Derrick Sanskrit is a self-professed geek in a variety of fields including typography, graphic design, comic books, music and cartoons. As a professional hipster graphic designer, his recent clients have included Hooksexup, Pitchfork and MoCCA, among others.

Amber Ahlborn - artist, writer, gamer and DigiPen survivor, she maintains a day job as a graphic artist. By night Amber moonlights as a professional Metroid Fanatic and keeps a metal suit in the closet just in case. Has lived in the state of Washington and insists that it really doesn't rain as much as everyone says it does.

Nadia Oxford is a housekeeping robot who was refurbished into a warrior when the world's need for justice was great. Now that the galaxy is at peace (give or take a conflict here or there), she works as a freelance writer for various sites and magazines. Based in Toronto, Nadia prizes the certificate from the Ministry of Health declaring her tick and rabies-free.

Bob Mackey is a grad student, writer, and cyborg, who uses the powerful girl-repelling nanomachines mad science grafted onto his body to allocate time towards interests of the nerd persuasion. He believes that complaining about things on the Internet is akin to the fine art of wine tasting, but with more spitting into buckets.

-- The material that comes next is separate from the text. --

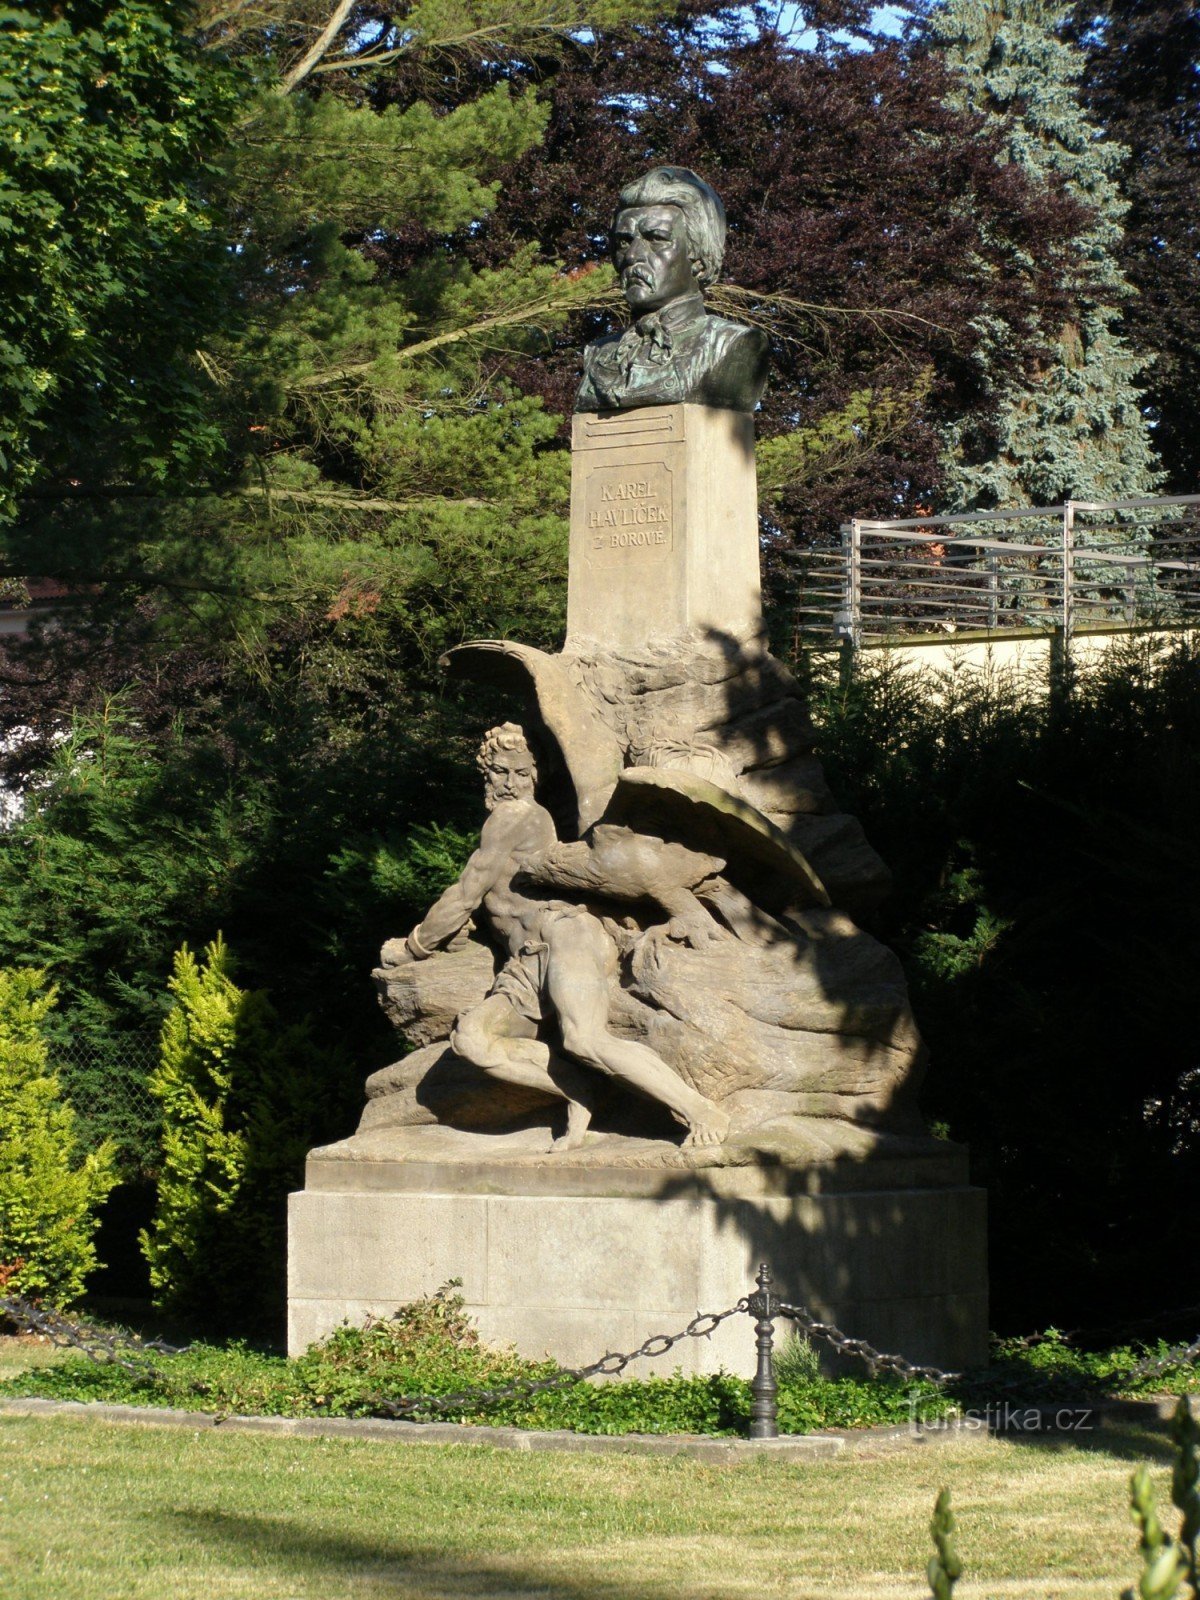 Jičín - 普罗米修斯雕像和 KHBorovsky 半身像

Joe Keiser has a programming degree from Johns Hopkins University, a tiny apartment in Brooklyn, and a fake toy guitar built in the hollowed-out shell of a real guitar. He writes about games and technology for a variety of outlets. One day he will stop doing this. The day after that, police will find his body under a collapsed pile of (formerly neatly alphabetized) collector's edition tchotchkes.

Cole Stryker is an American freelance writer living in York, England, where he resides with his archeologist wife. He writes for a travel company by day and argues about pop culture on the internet by night. Find him writing regularly here and here.

Peter Smith is like the lead character of Irwin Shaw's The 80-Yard Run, except less athletic. He considers himself very lucky to have this job. But it's a little premature to take "jack-off of all trades" off his resume. Besides writing, travelling, and painting houses, Pete plays guitar in a rock trio called The Aye-Ayes. He calls them a 'power pop' band, but they generally sound more like Motorhead on a drinking binge.